Echoes Of The 2008 Crisis

As the Middle East conflict continues unabated, Black compared the current situation to the 2008 financial crisis. He said that central banks failed to cut interest rates quickly enough and chose to focus on the impact of rising energy prices on inflation.  

Earlier this month, the United States and Israel commenced strikes on Iran aimed largely at stopping Tehran’s nuclear program. The conflict has since spread across the Middle East, disrupting oil shipments through the vital Strait of Hormuz.  

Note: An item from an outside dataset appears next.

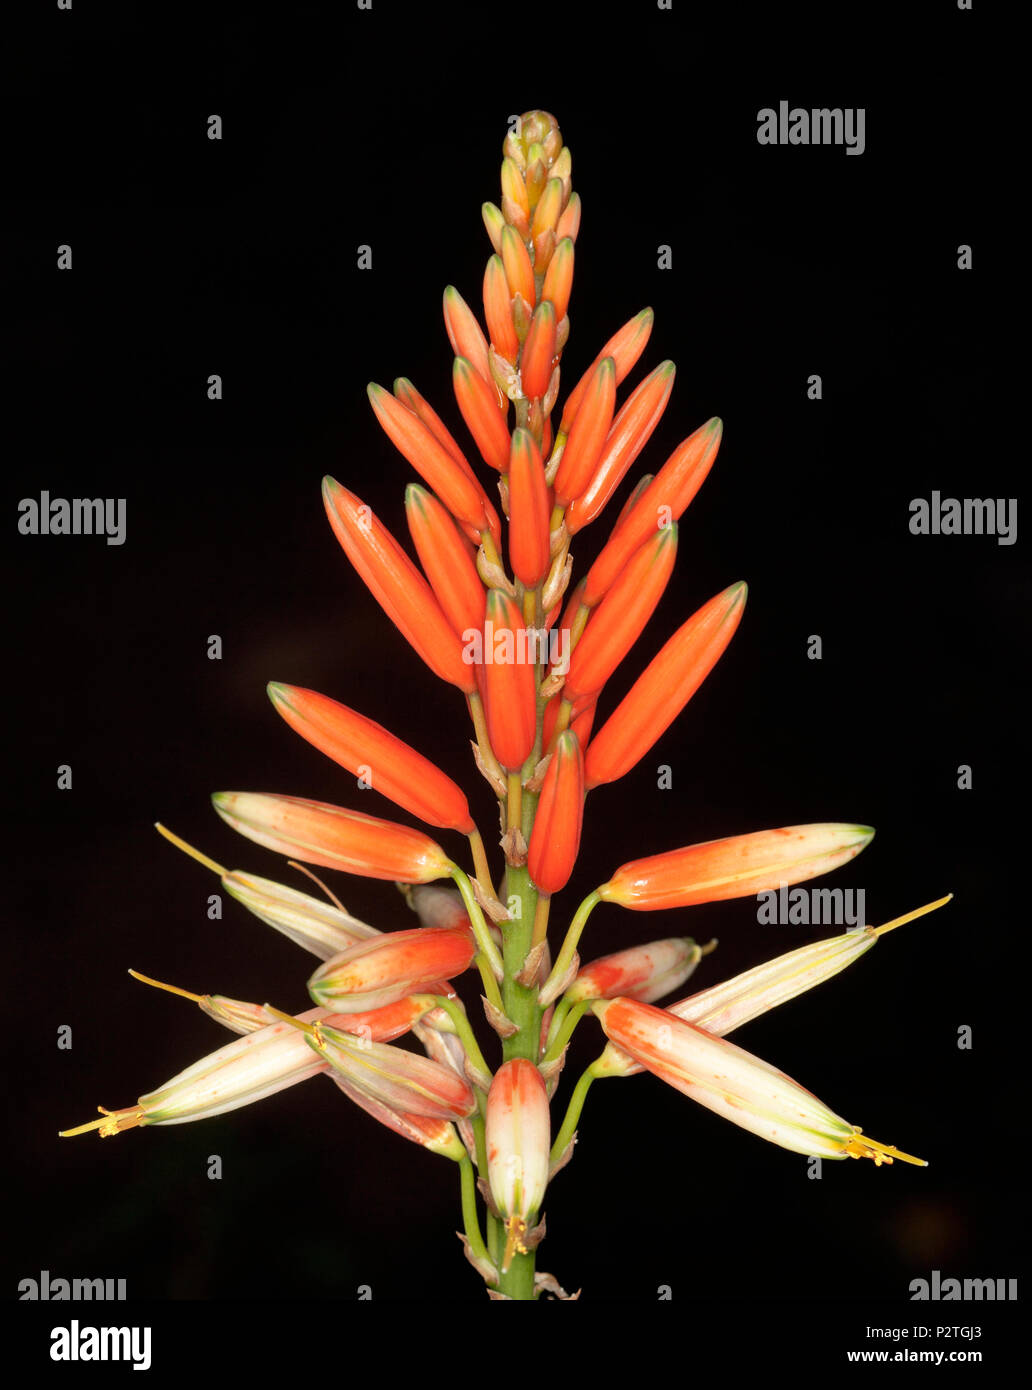 Atemberaubende Aussicht auf hohen Spike von lebendigen Rot/Orange und cremefarbenen Blüten von Dürreresistente sukkulente Pflanze Aloe "Venus" auf schwarzem Hintergrund Stockfoto

At the time of writing, U.S. West Texas Intermediate (WTI) crude futures maturing in April traded 1% higher at nearly $97 a barrel, and Brent crude futures expiring in May increased 1% at $101 a barrel. 

What Drove The Historic Oil Surge?

Black also noted that the oil price surge from mid-2007 to mid-2008 differed from earlier shocks, which were driven by supply disruptions. 

“The primary driver was strong global demand led by China and other emerging economies meeting stagnating world oil production, creating a tight market where even modest imbalances required large price adjustments due to oil's low short-run price elasticity of demand and supply,” he stated.

A recent Bloomberg report cited Peter Kazimir, a member of the ECB’s Governing Council, saying that the surge in energy prices could force the ECB to consider tightening monetary policy earlier than expected.

U.S. equities edged lower on Friday. At the time of writing, the SPDR S&P 500 ETF (SPY), which tracks the S&P 500 index, was down 0.2%; the Invesco QQQ Trust ETF (QQQ) inched 0.3% lower. Retail sentiment on Stocktwits around the S&P 500 ETF was in the ‘bearish’ territory. The United States Oil Fund (USO) inched 0.2% on Friday.